Copy the data that follows exactly as it is, excluding all pictures.
[DATA SEGMENT Boundary: Start]
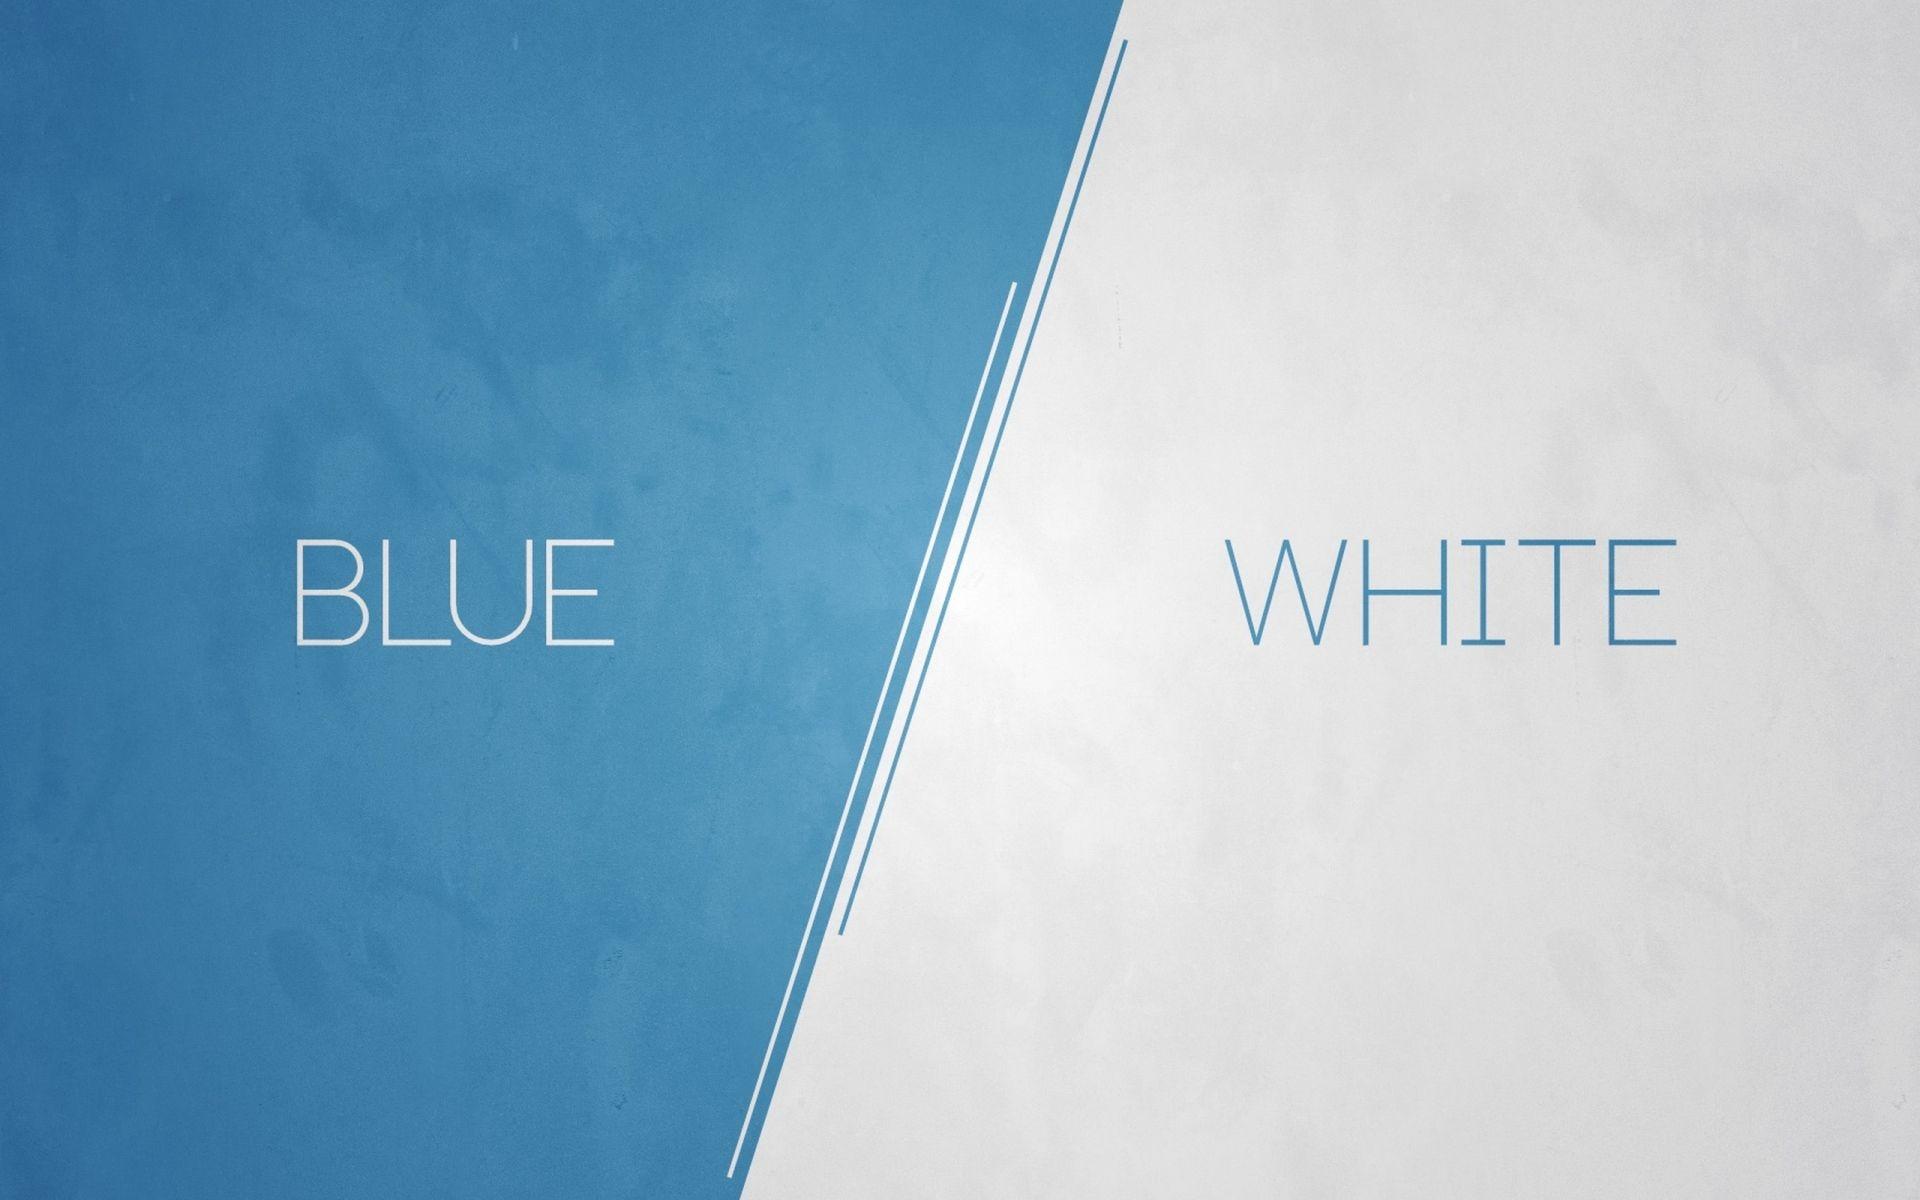 Download Wallpaper 1920x1200 White, Blue, Lettering 1920x1200 HD
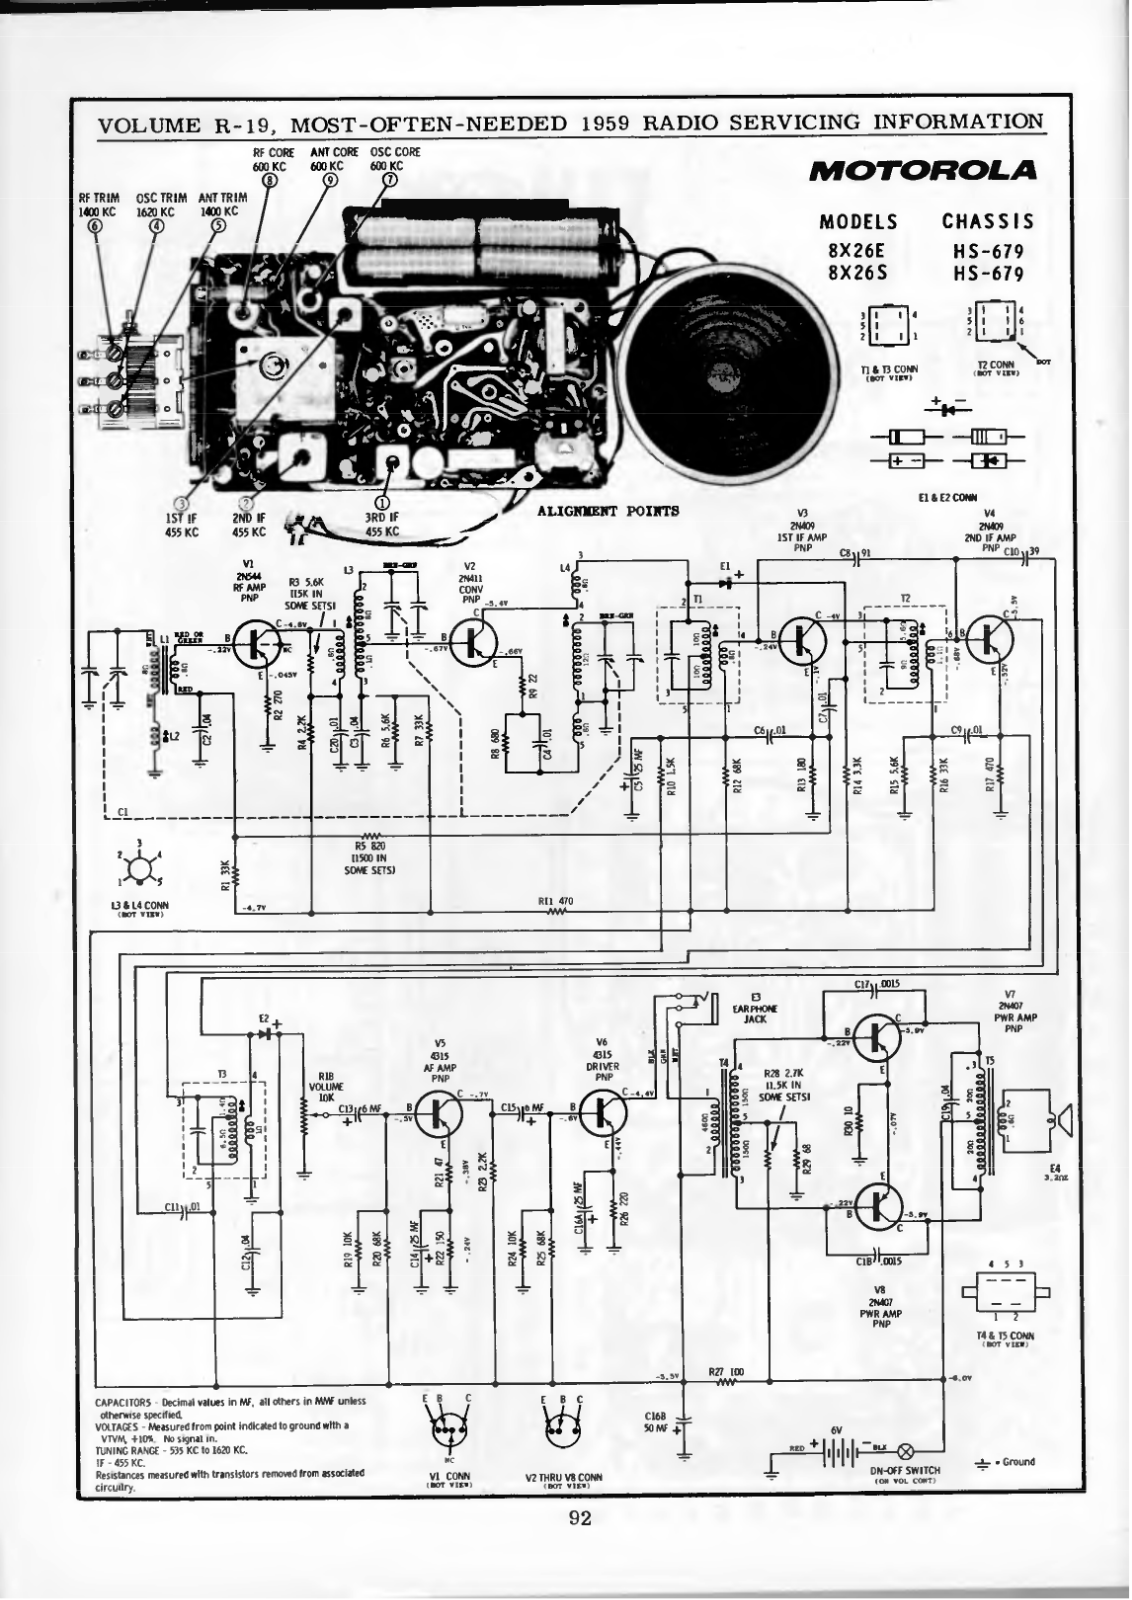 Motorola 8X26E-S Schematic
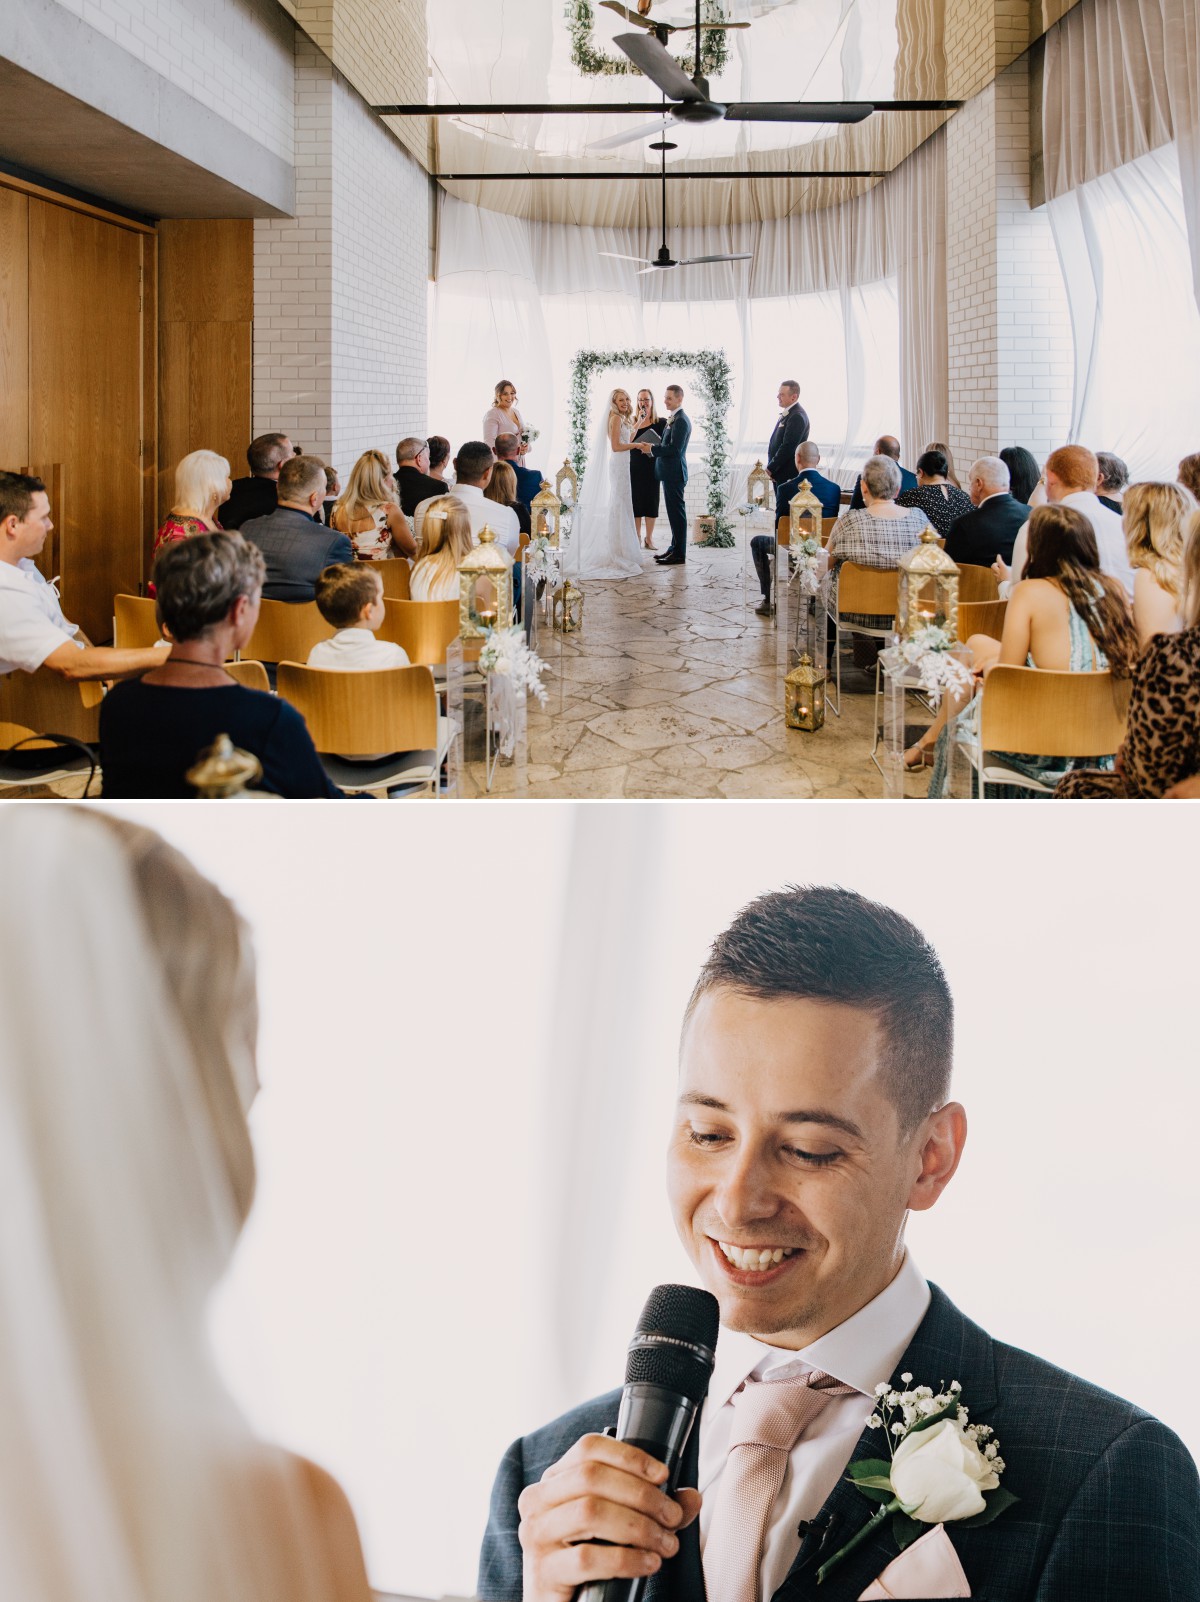 The Calile Hotel wedding ceremony
[DATA SEGMENT Boundary: End]
* _RESULT BELOW_
 Download Wallpaper 1920x1200 White, Blue, Lettering 1920x1200 HD
 Motorola 8X26E-S Schematic
 The Calile Hotel wedding ceremony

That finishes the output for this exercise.